Finding his way

Jordan Richardson has been legally blind most of his life. But Blaine High School's leadership student sees the big picture.

May 27, 2008 at 10:24PM
At this point in his life, Jordan Richardson thinks he might want to become a chemist. In recent years, he's entertained the idea of becoming an astronaut, an ambassador to England and the President of the United States. Here, Jordan waits to begin an honors chemistry class experiment.
At this point in his life, Jordan Richardson thinks he might want to become a chemist. In recent years, he's entertained the idea of becoming an astronaut, an ambassador to England and the President of the United States. Here, Jordan waits to begin an honors chemistry class experiment. (Star Tribune/The Minnesota Star Tribune)

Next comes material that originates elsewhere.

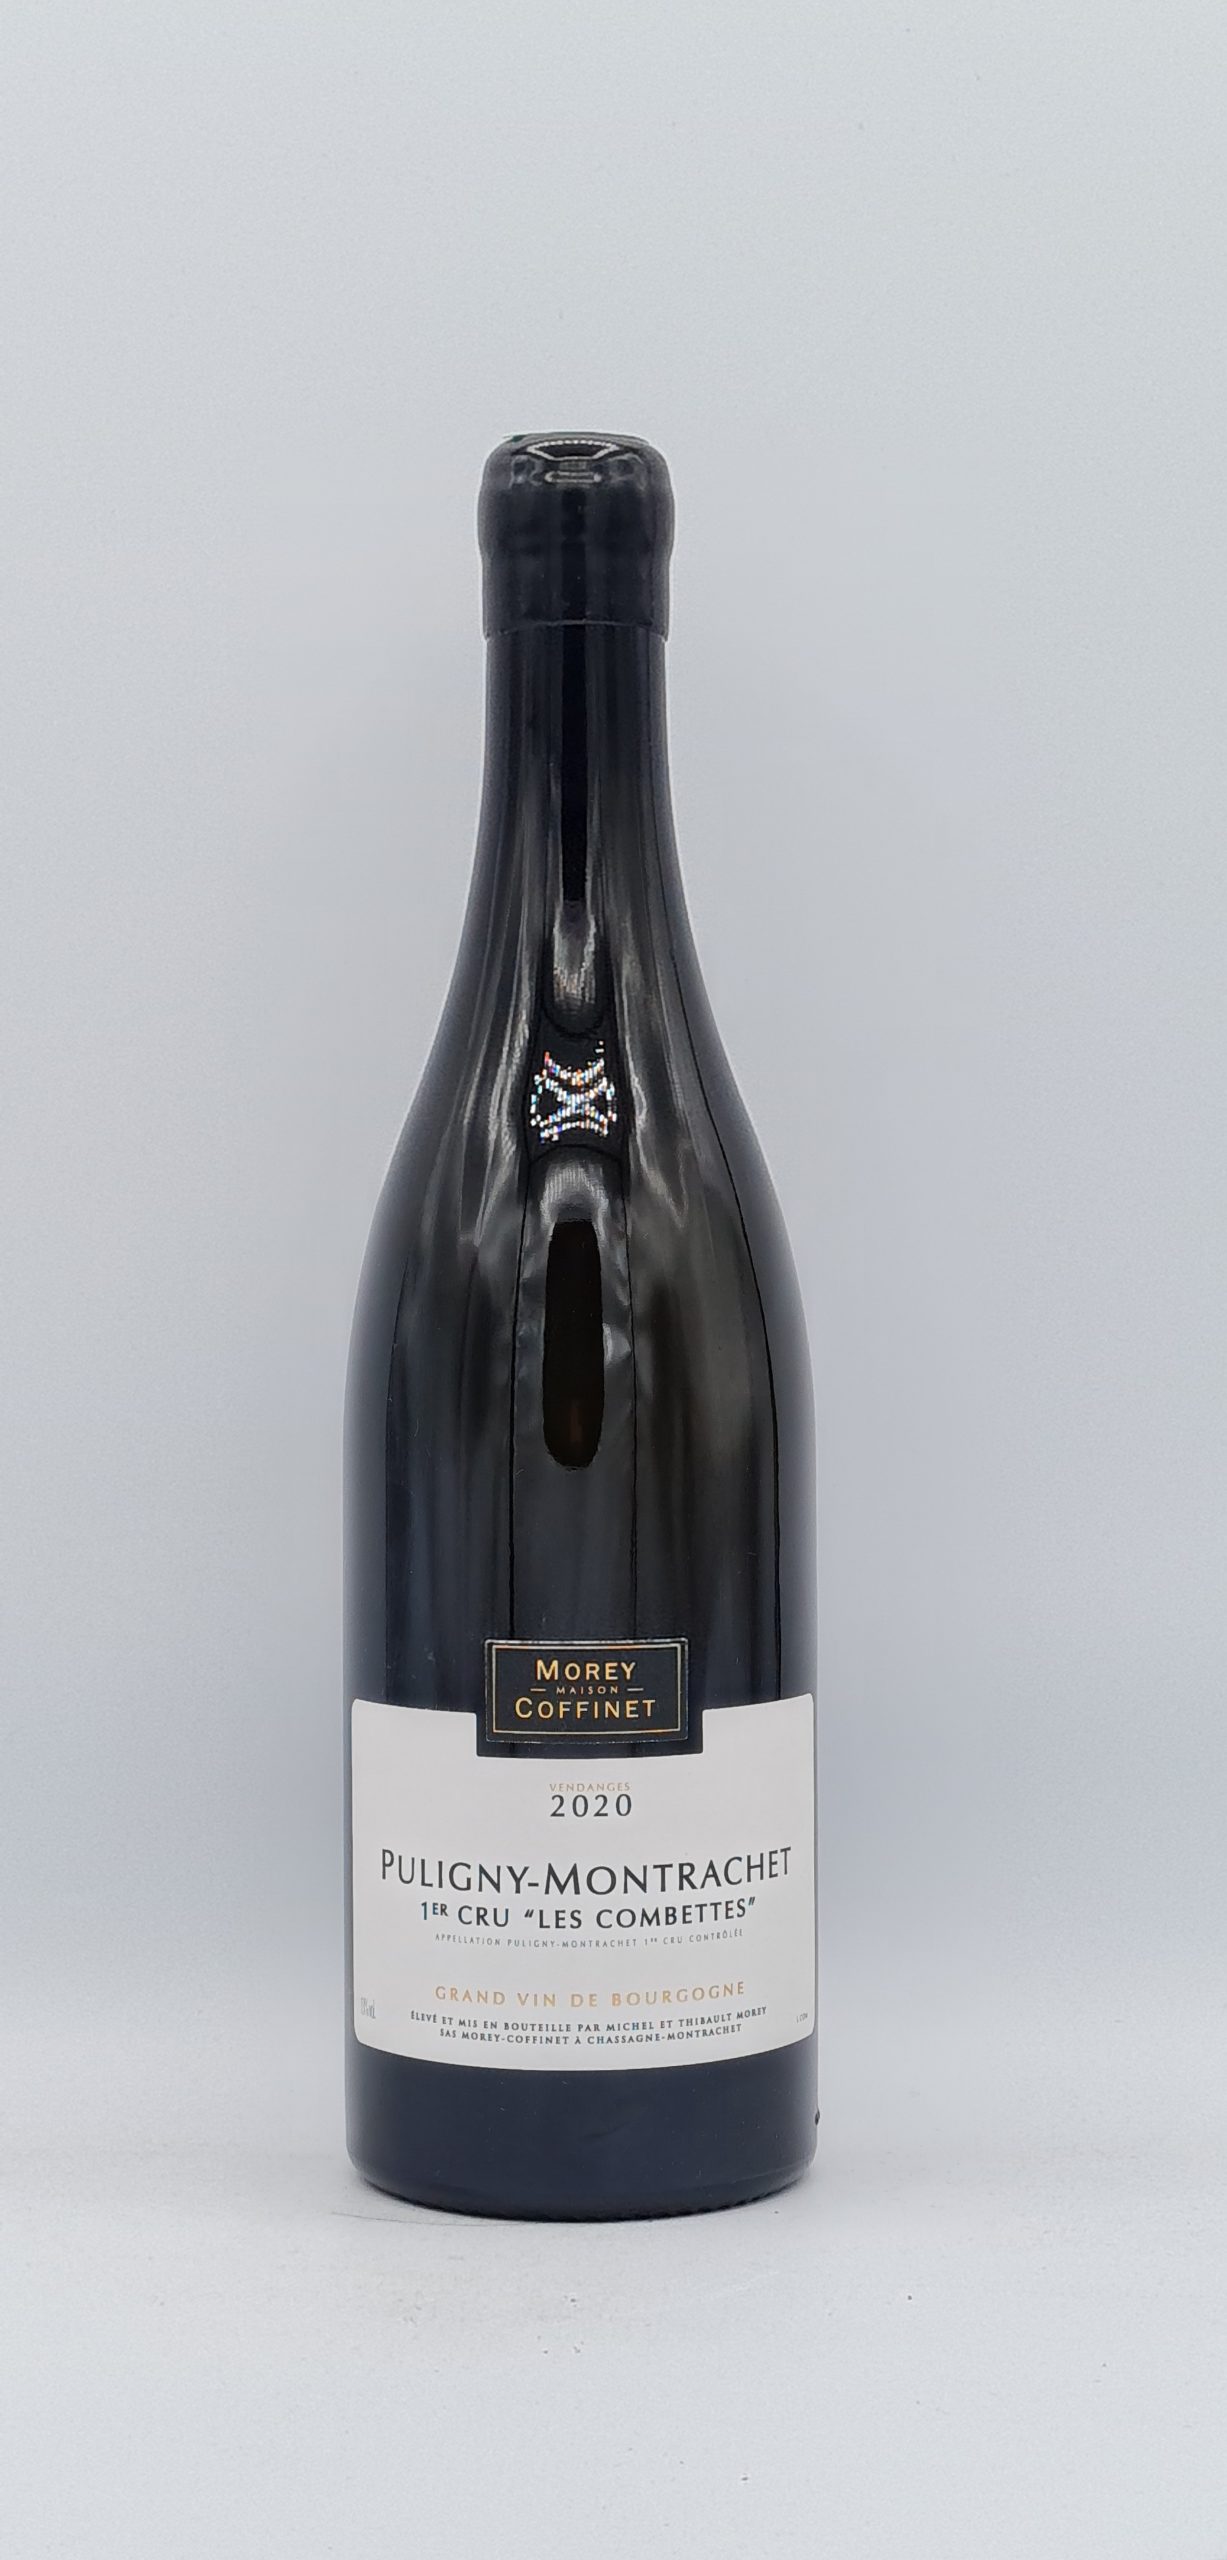 Bourgogne Puligny-Montrachet 1er cru “Les Combettes” 2020 Domaine Morey-Coffinet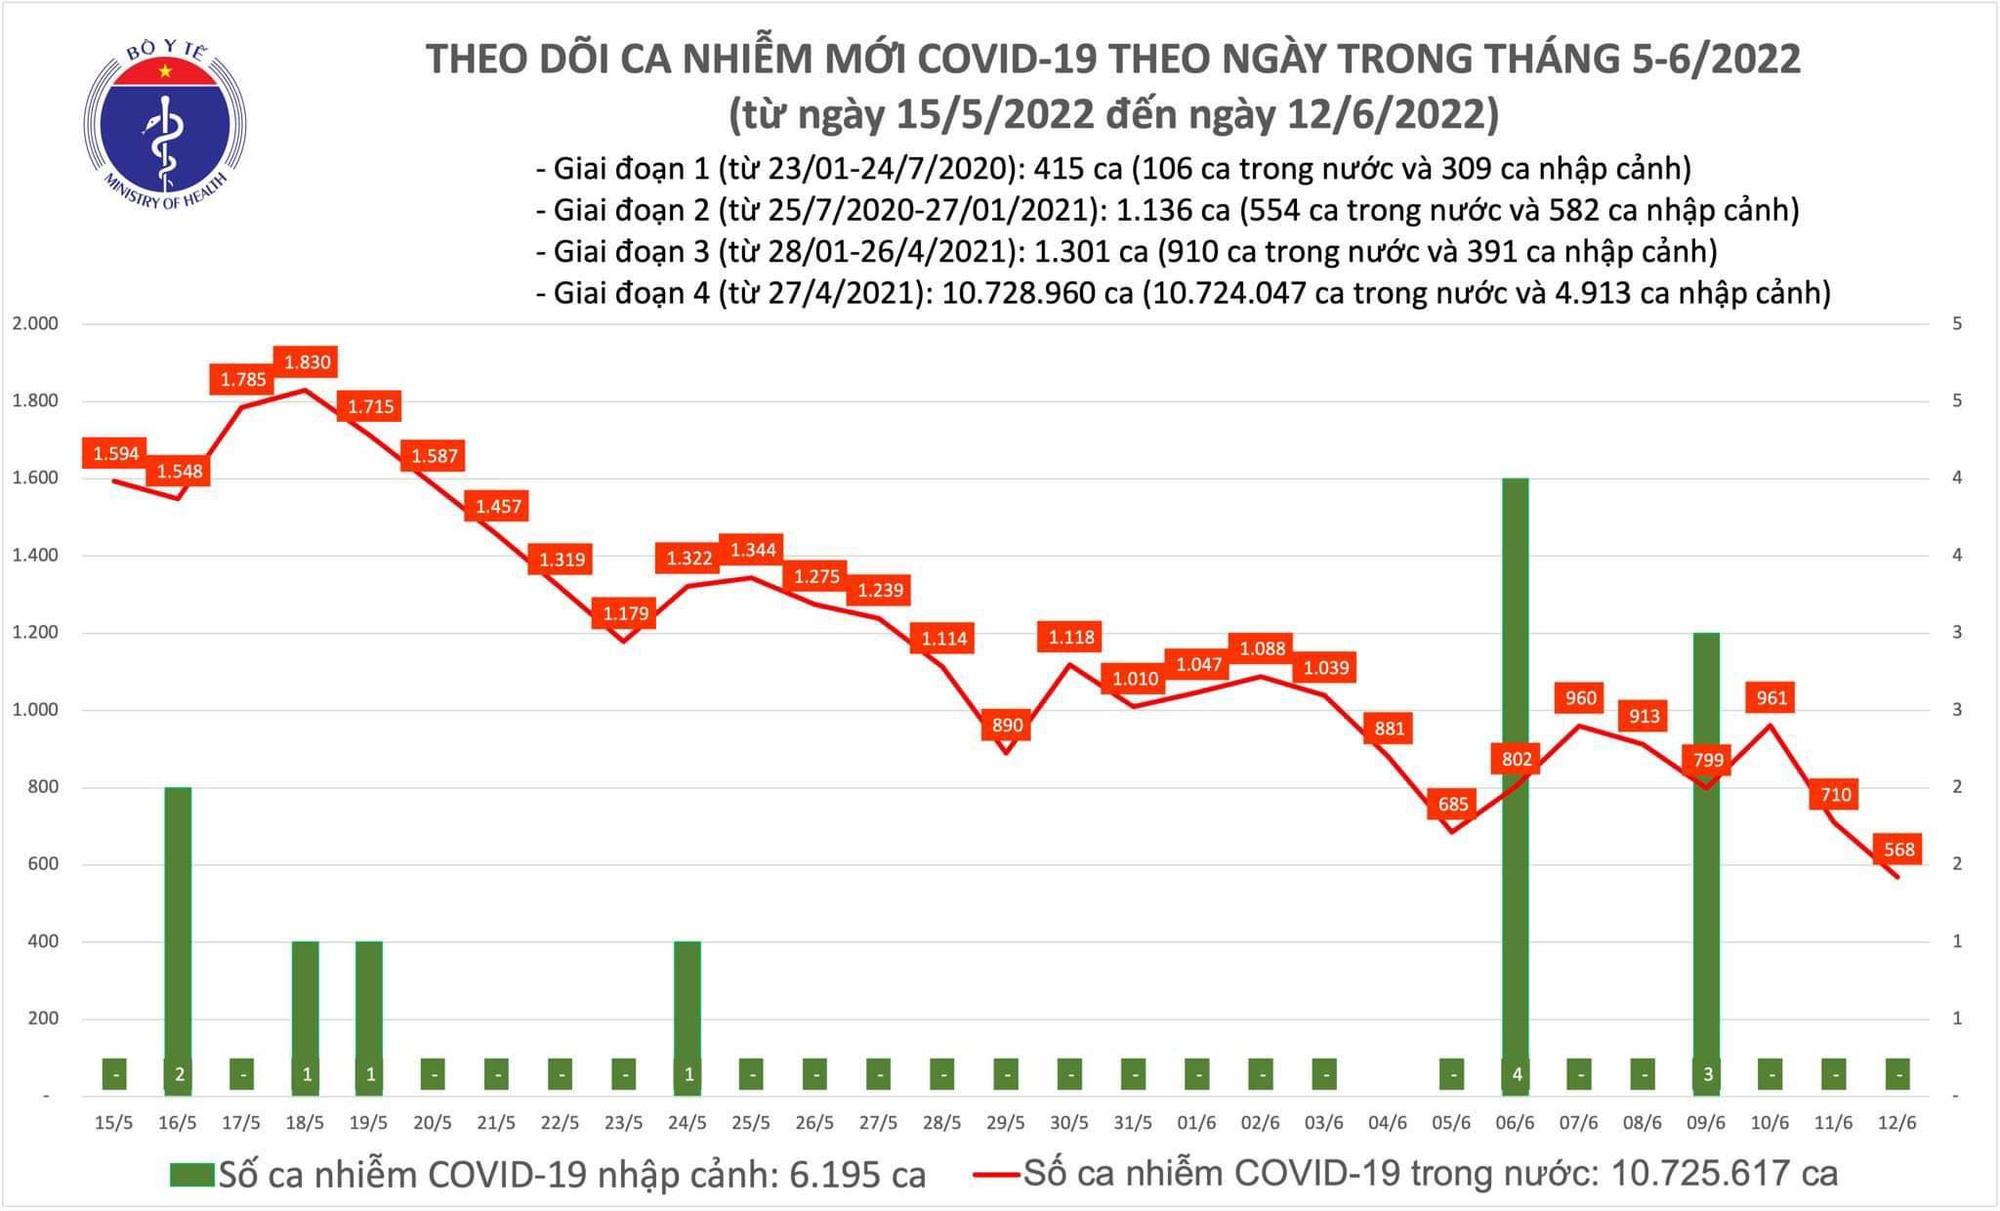 Ngày 12/6: Có 568 ca COVID-19, thấp nhất gần 12 tháng qua; Không có F0 tử vong - Ảnh 1.

Jordan Richardson rubs his fingertips against the face of his watch, packs a specialized laptop into his shoulder bag, grabs his white cane, inches toward the edge of his seat and waits for the bell.

"I'm like a cheetah," he tells a visitor. "Hope you can keep up."

An electronic bell chimes and Jordan bursts into the cramped halls of Blaine High School, walking briskly through a sea of humanity that refuses to part like the Red Sea as he approaches -- even though everyone in the school knows Jordan is blind.

Undaunted by the crush of bodies rushing in every direction, he whisks up the stairs to his chemistry class, where the grand experiment is about to resume. Jordan, a 17-year-old junior, is among the few selected students nationally who hope to prove that blind students, with the aid of new computer technology, will be able to conduct chemistry experiments independently.

Or maybe the experiment is Jordan himself. The first blind student ever at Blaine High School, Jordan has Braille textbooks and is allowed to listen to computer programs through earphones while other students break into groups. Otherwise, this National Honor Society student, who dreams of going to college at Oxford, asks for few special privileges.

"Do you have my number? Want me to write it down for you?" Amanda Norskog, a senior, asks Jordan, who volunteers to help at a school-sponsored garage sale.

Jordan was told he had less than 5 percent vision -- legally blind -- when he was a preschooler. Both eyes continue to deteriorate and Jordan's mother says he is expected to lose all vision before he's done with college. Jordan can see blurred images, mostly peripherally, but is literally nose-to-white-board trying to read classroom instructions.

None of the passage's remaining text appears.